FIG. 1 is a flowchart of the audio synchronization playing method
according to an embodiment of the present invention. As shown in
FIG. 1, the audio synchronization playing method of this embodiment
is configured to implement synchronous play of audio data from the
same audio source by two or more wireless speakers. For any one of
the two or more wireless speakers, the audio synchronization
playing method of the embodiment includes the following steps:
Step S101, receiving the first audio data packet sent by an audio
source, and determining the first time point of receiving the first
audio data packet; Step S102, processing the first audio data
packet to generate the second audio data packet, wherein the second
audio data packet includes the audio data to be broadcast with a
fixed data length; Step S103, setting a delayed play time, and
obtaining a playing time point of the second audio data packet
according to the first time point and the delayed play time; Step
S104, playing the audio data to be played in the second audio data
packet at the playing time point.
It should be understood that the audio synchronous playing method
of the embodiment of the present application is technically
improved on the basis that the existing wireless speakers are
independent subsystems respectively, so that the audio data from
the same audio source can be synchronously played with two or more
wireless speakers. That is to say, the audio synchronous playing
method of this embodiment is executed separately in each wireless
speaker, that is, when each wireless speaker receives the audio
data sent by the audio source, it uses the audio synchronous
playing method of this embodiment to perform synchronous playing of
audio without data interaction between wireless speakers.

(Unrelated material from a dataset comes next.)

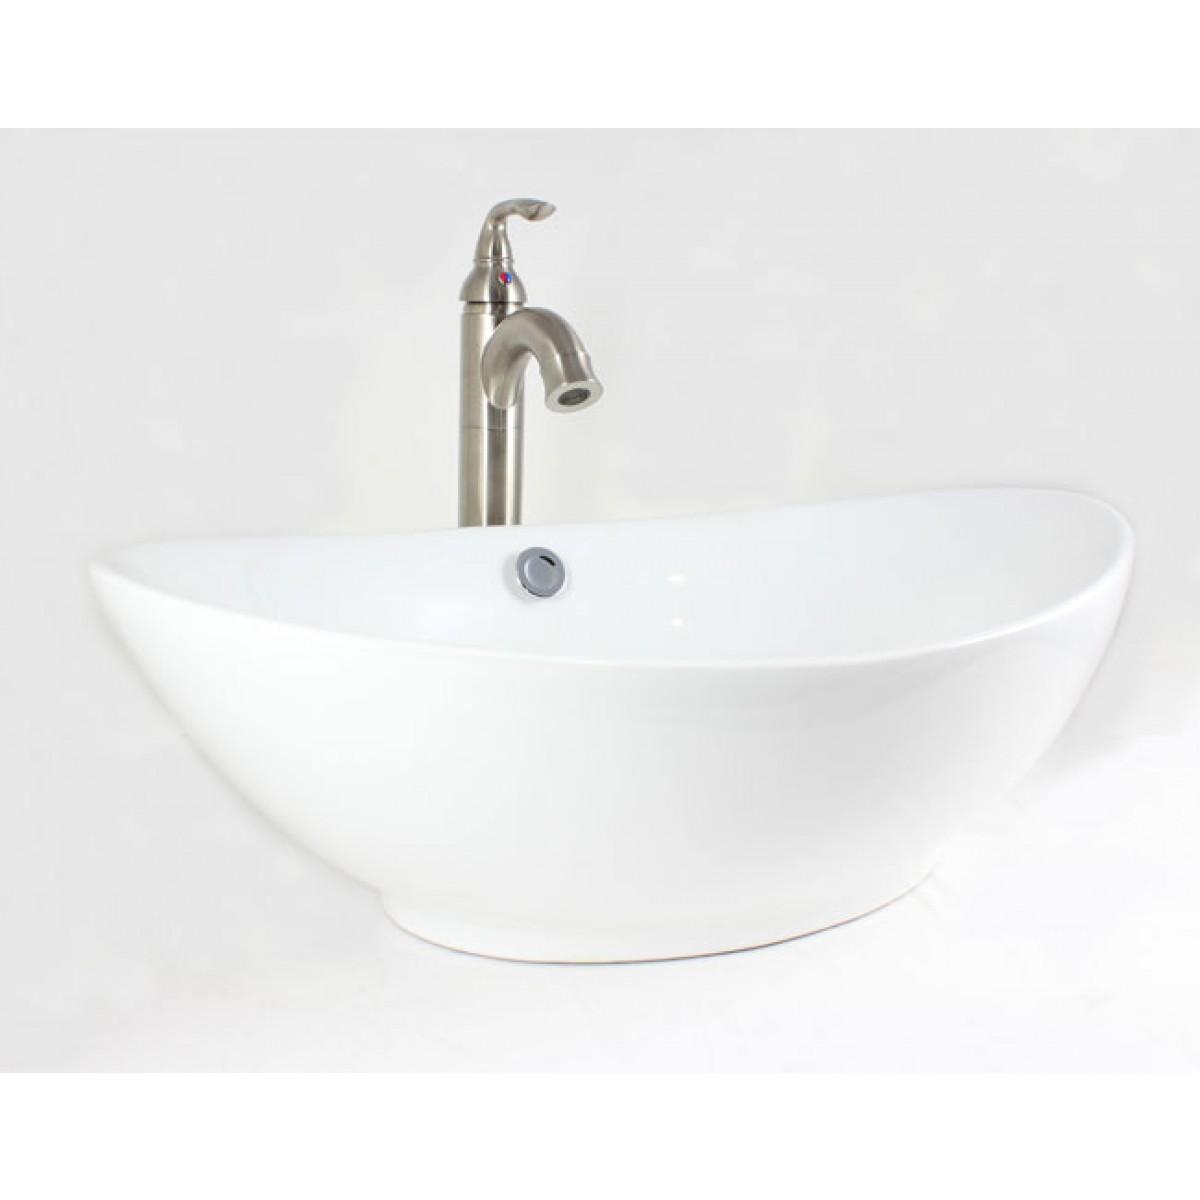 White Biscuit Black Porcelain Ceramic Countertop Bathroom Vessel Sink 23 1 4 X 15 7 2 Inch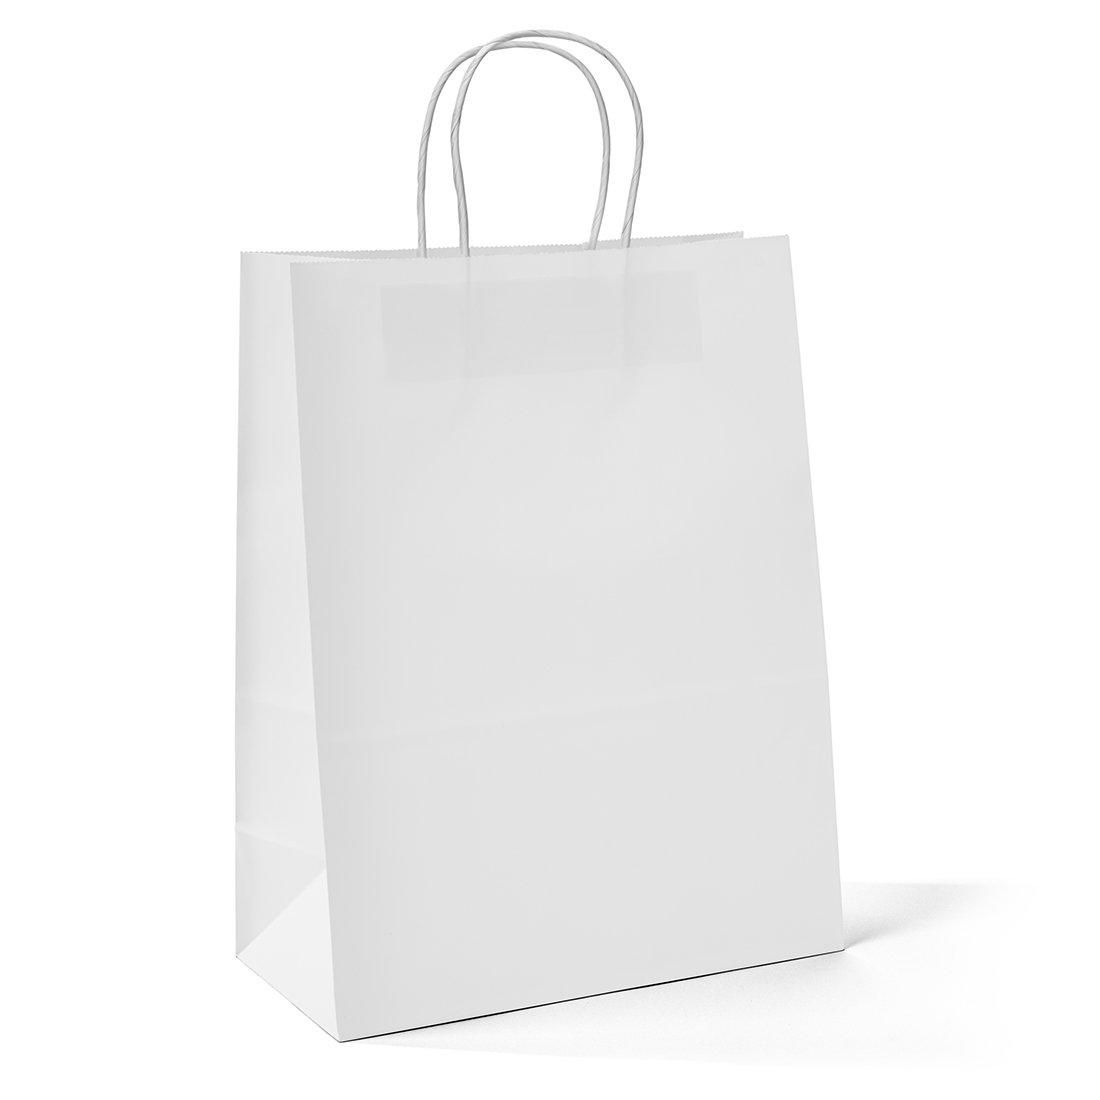 Halulu 100pcs 10''x5''x13'' - White Kraft Paper Bags, Shopping, Mechandise, Party, Gift Bags

Specifically, in Step S101, the first audio data packet sent by the
audio source is received for any one of the two or more wireless
speakers, and the manner in which each wireless speaker receives
the audio data packet from the audio source is related to the
connection manner with the audio source.
As shown in FIG. 2, this is a system block diagram of the
connection of audio and at least two wireless speakers in an
embodiment of the present application. In this embodiment, the
wireless speaker 21, the wireless speaker 22 . . . the wireless
speaker 2N all establish wireless connections with the audio source
2 respectively, and the audio source 2 sends audio data packets to
the wireless speaker 21, the wireless speaker 22 . . . the wireless
speaker 2N respectively.
FIG. 3 is a system block diagram of a specific embodiment based on
the embodiment shown in FIG. 2. In this specific embodiment, the
audio source is a smart device 3, and the wireless speaker is two
Bluetooth headsets, namely the left Bluetooth headset 31 and the
right Bluetooth headset 32. In this embodiment, the left Bluetooth
headset 31 and the right Bluetooth headset 32 respectively
establish wireless connection with the smart device 3, and the
wireless connection mode may be Bluetooth connection or WiFi
connection. When transmitting audio data, the smart device 3 first
preprocesses the audio data, i.e. encodes the audio signal and then
separates the left channel audio data 11 and the right channel
audio data 12, and then sends the left channel audio data 11 and
the right channel audio data 12 to the left Bluetooth headset 31
and the right Bluetooth headset 32 respectively.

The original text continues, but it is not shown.